Study design and setting
This was a multicenter cohort study of patients in three acute geriatric units (AGUs) from Assistance Publique Hôpitaux de Paris – Sorbonne Université (APHP-SU) hospitals in Paris, France. We included patients aged 75 years and older who were hospitalized in these AGUs for COVID-19 as the main diagnosis or another medical reason from January 1 to June 15, 2021 and who were discharged alive from the hospital. Eligible patients were identified retrospectively from medical records. Follow-up was conducted from September 2022 to February 2023, 18 months after hospitalization. This report follows the STROBE recommendations (Supplementary Methods 1).
moral support
This study was approved by the ethics committee (CPP Ile de France, Paris, France, number 107–2021). All included patients or their close relatives received an information letter specifying their rights and the conditions for the use of their medical data. No objection certificates were collected by the physicians in charge of the patients.
Participants
Included patients were aged 75 years or older. They were transferred to the AGU from the emergency department or intensive care unit. COVID-19 positivity had to be diagnosed by RT-PCR and/or chest CT for SARS-CoV-2, as per WHO interim guidance. [18]Patients were excluded from the scheme if they died while hospitalised, if they were under legal guardianship or if they refused access to their medical data.
data collection
One physician from each ward (MC, LB, AR) collected medical data retrospectively from computer medical records. The data included sociodemographic information (age, sex, place of living), clinical data such as co-morbidities along with the Charlson Comorbidity Index (CCI). [19]Frailty with the Clinical Frailty Scale (CFS) [20]Functional Independence Score of Activities of Daily Living (ADL) [21] Instrumental and Agile Activities of Daily Living (IADL) [22] and polypharmacy, defined as taking five or more chronic medications daily [23]We recorded descriptive data for hospitalisation including principal diagnosis at admission, clinical severity on admission (rapid sepsis-related organ failure assessment) [qSOFA] score [24]) and laboratory data (hemoglobin level, lymphocyte and neutrophil counts, and C-reactive protein [CRP]creatinine and albumin levels). We also collected information on where patients were discharged from hospital (to home, to a rehabilitation service, to other departments of the hospital or admitted to a nursing home).
One physician per ward (MC, LB, AR) followed up the participants via phone calls over 18 months. When the patient did not respond on several occasions, close relatives or a general practitioner were contacted. When no contact data were available or no response was received despite three phone calls, patients were considered lost to follow-up. Data collected at 18 months included patient vital status, new admission to nursing home, hospital readmission, frailty and functional independence (CFS, ADL, IADL scores) and quality of life with the EQ-5D-5L (mobility, independence, daily activities, pain and anxiety/depression scores from 0 to 4 and global assessment of health score from 0 to 100). [25],
Result
The primary outcome was 18-month mortality and associated factors. Secondary outcomes were functional autonomy with ADL and IADL, frailty with CFS, quality of life with EQ-5D-5 L, and readmission rate at 18 months.
Statistical analysis
Demographic data and baseline characteristics are described according to COVID-19 status for all patients. Missing values are specified only if they exist. Data are presented as mean (SD) or median (interquartile range) [IQR]) for continuous variables and numbers (percentages) for categorical variables. Unpaired student-tests were used to compare quantitative variables between hospitalized and non-hospitalized patients with COVID-19. Tea t test or Mann-Whitney test for non-normally distributed data. Normality was assessed by graphical representation of data distribution. Comparison of categorical variables involved the chi-square or Fisher's exact test as appropriate.

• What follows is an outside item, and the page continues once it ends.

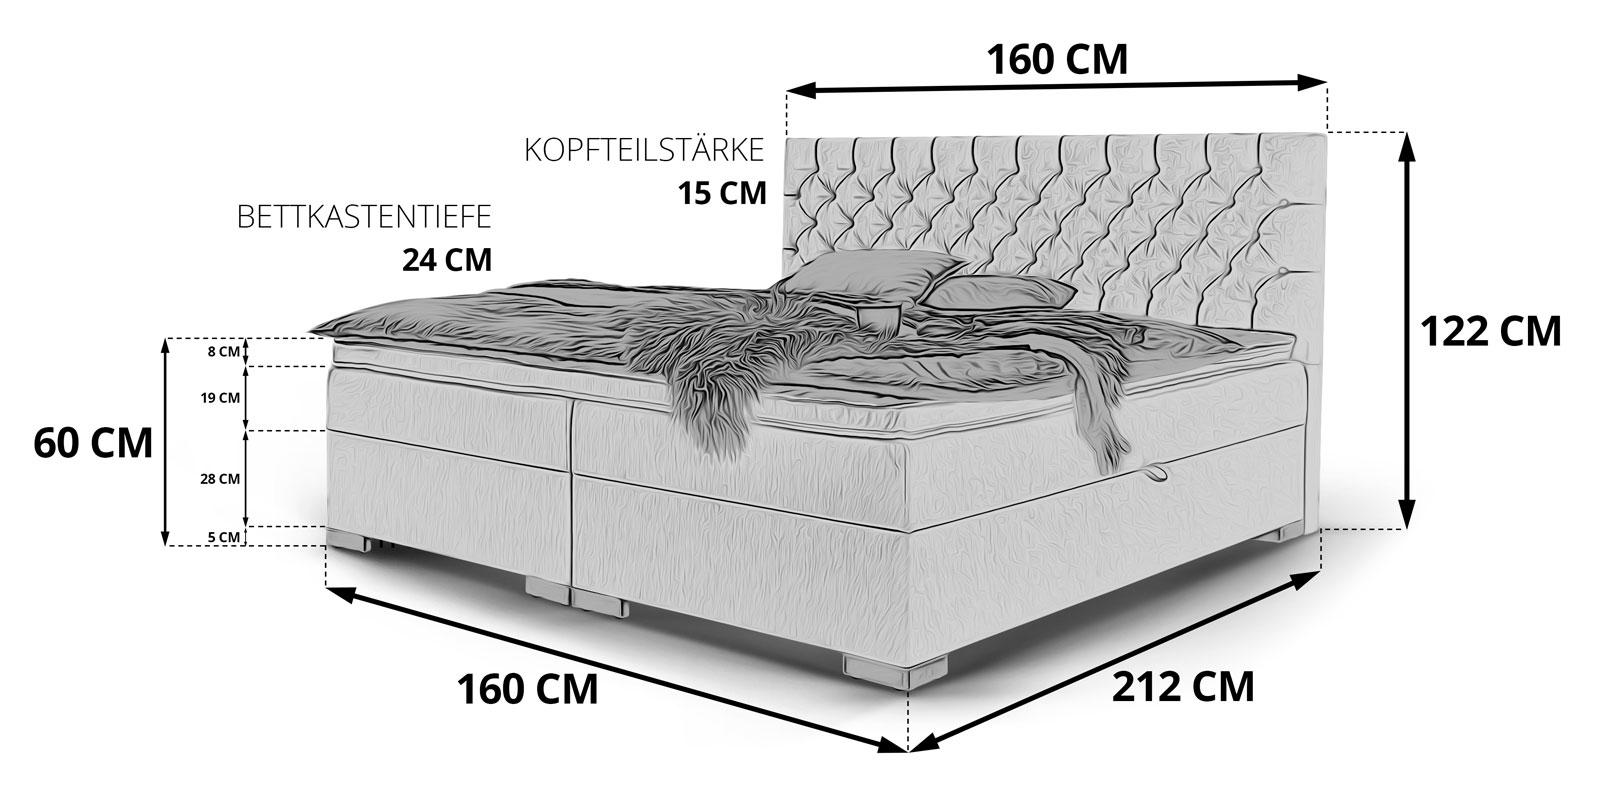 Boxspringbett Mit Bettkasten Stauraum Bett London Skizze 160x200

Our primary endpoint, death at 18 months, was described as a denominator variable with Kaplan-Meier curves. All included patients with available 18-month follow-up data were analyzed. Comparisons between the two groups involved the log-rank test. For adjusted analysis, we used Cox regression models studying the association between COVID-19 positivity and mortality at 18 months, estimating adjusted hazard ratios (aHR) and 95% confidence intervals (CI). Adjustment factors were selected when they were clinically significant or important P< 0.2 on univariate analysis [26]The proportional hazards assumption was respected.

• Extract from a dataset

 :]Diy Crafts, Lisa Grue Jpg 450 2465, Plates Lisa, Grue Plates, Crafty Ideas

Secondary endpoints of re-hospitalisation, loss of autonomy (ADL and IADL scores at 18 months and the ratio between 18 months and baseline), quality of life (EQ-5D-5 L score at 18 months) and frailty score (at 18 months and the ratio between 18 months and baseline) were compared with univariate statistical methods (Wilcoxon–Mann Whitney test for quantitative variables, chi-squared or Fisher's exact test for categorical variables).
Statistical analyses were performed with RStudio 2023.06.0+421. All p-values were two-tailed and P< 0.05 was considered statistically significant.